Umbrella branding may be suitable when markets are viewed as homogeneous, operating at a higher level of aggregation. But when markets are composed of distinct segments in terms of buyer needs and preferences, companies start offering specialised need solutions to different segments. This precipitates a difficult situation for companies using umbrella branding. From the consumer’s point of view, a specialist brand is appealing and makes more sense. This is the reason that auto companies offer small and mid-sized cars such as Alto, Esteem, Santro, Getz, Palio, etc.
Sharing a common brand name can be risky in case there is a problem with one category. This may negatively influence consumer perceptions in other products sharing the same identity. Also, it is difficult to stretch brands upwards (as happened in case of Maruti Baleno). Downwards stretch in case of Parker failed because of Parker’s high-end image. Horizontal stretching is relatively less likely to pose too much of a threat.

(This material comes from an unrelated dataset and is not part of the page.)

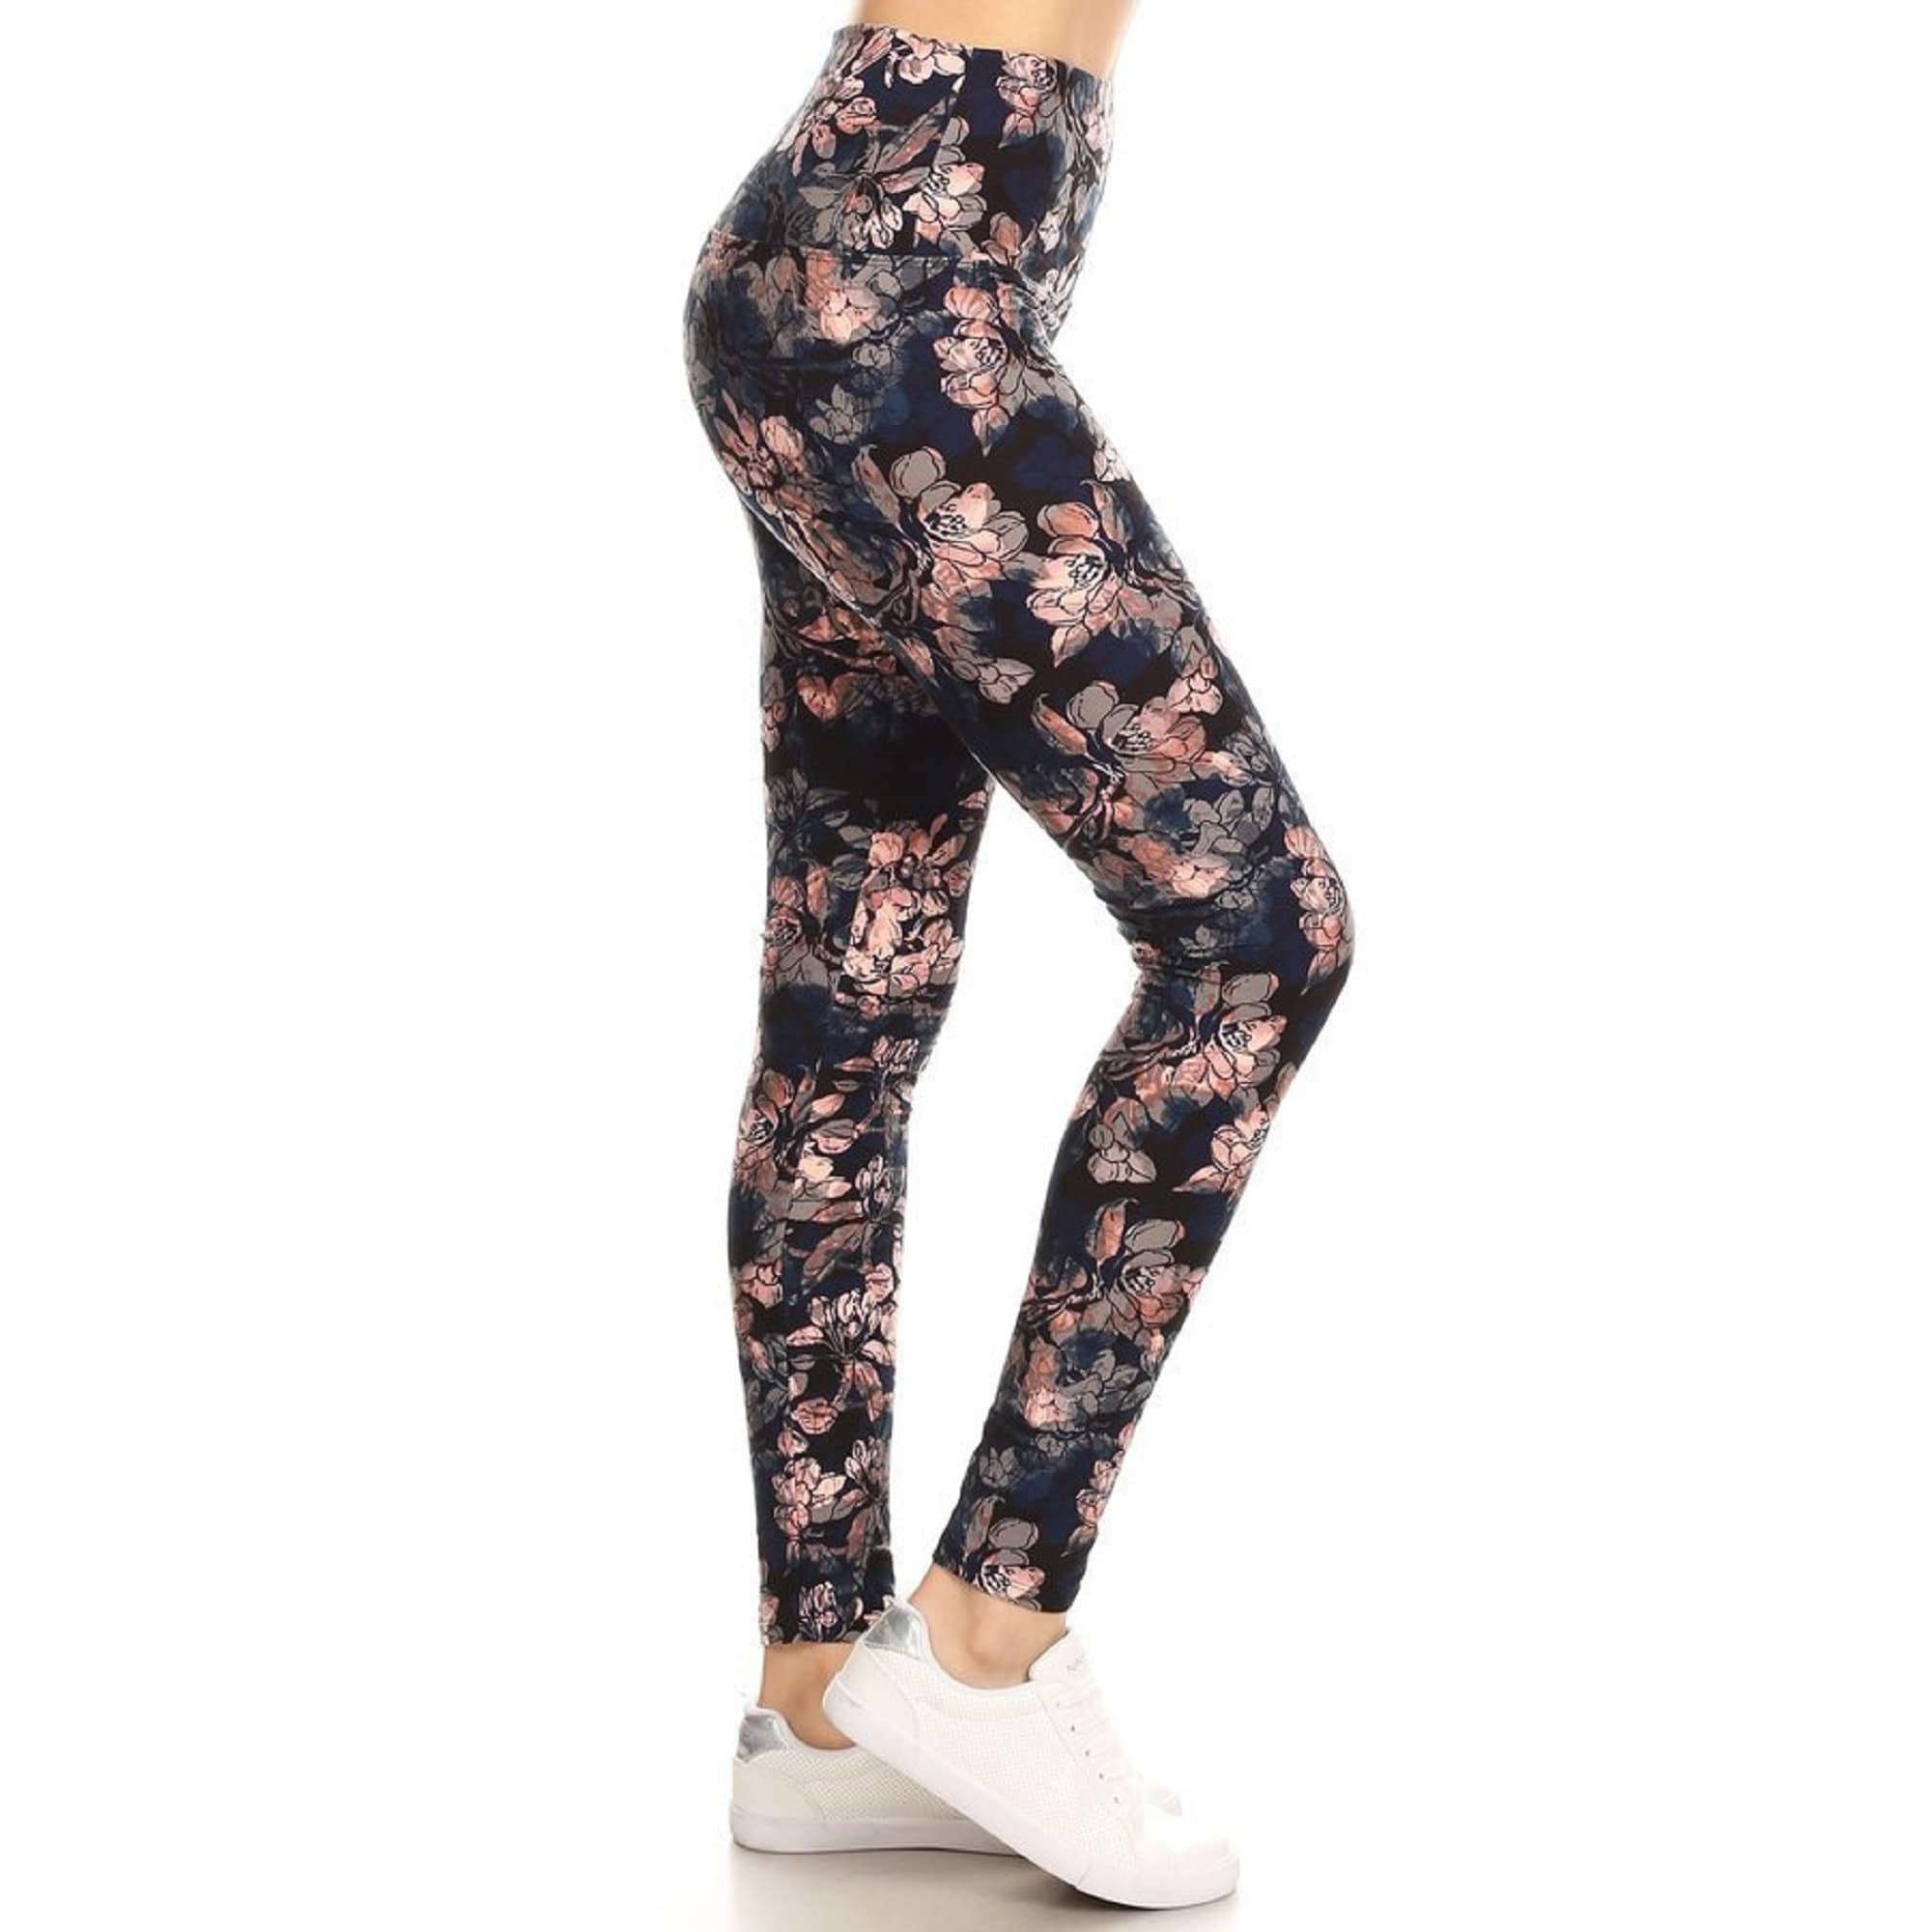 Cherry Blossom Recycled Leggings With Pockets All-over Cherry

Double Branding Strategies

This approach combines umbrella branding and product branding. Along with the product brand name, the company name is associated to create double branding, such as Tata Indica and, Bajaj Pulsar. Tata is the company behind Indica car brand. Maruti also follows this strategy. Both names are equally important and are given equal status in the brand’s communication. Double branding serves two objectives. The product gains from the company name awareness, expertise, and reputation. And Pulsar adds some unique value of its own: “Definitely male.” This is customer focus and the brand can communicate something in addition to what Bajaj name stands for in customers’ perceptions and appeal to a new segment. The product’s brand name helps differentiate the offer.
It is only the company’s area of expertise and image that may restrict how far it can go in using this branding approach. Double branding works as long as brands are consistent with expertise domain of the company. Beyond this domain, the brand may become a burden. Two or three-wheeler autos are categories that have greater consistency in the area of company’s expertise domain. But if the field of expertise is not consistent, such as trucks, or computers, double branding may not always be a suitable branding strategy.

Endorsement Branding Strategies

This is a minor variation of double branding strategy. The product brand name gains a dominant position, while the company name merits a lower profile. The company name appears in smaller letters and takes a back seat. The brand largely seeks to exist on its own. The company name is mentioned to identify who owns it just by way of endorsement to the product brand, such as Godrej Cinthol, or Nestlé Kit-Kat identify the owners of these brands.
In case of double branding, the company name is an integral part with equal status. Endorsement signifies assurance of quality by transferring certain associations that increase consumers’ trust. The aim is not to pass on the company’s expertise domain. Customers ask for Fair Glow, or Chocos and not Godrej’s Fair Glow, or Kellogg’s Chocos. Company name acts as a familiar signage to reassure consumers by communicating the company’s associations and image.
Endorsement branding is nearest to product branding, allowing more freedom to the brand to get its own distinction. When endorsement branding is tried in inconsistent areas, it is quite likely to fail. For example, some time back Nestlé launched Mithai Magic and it did not work.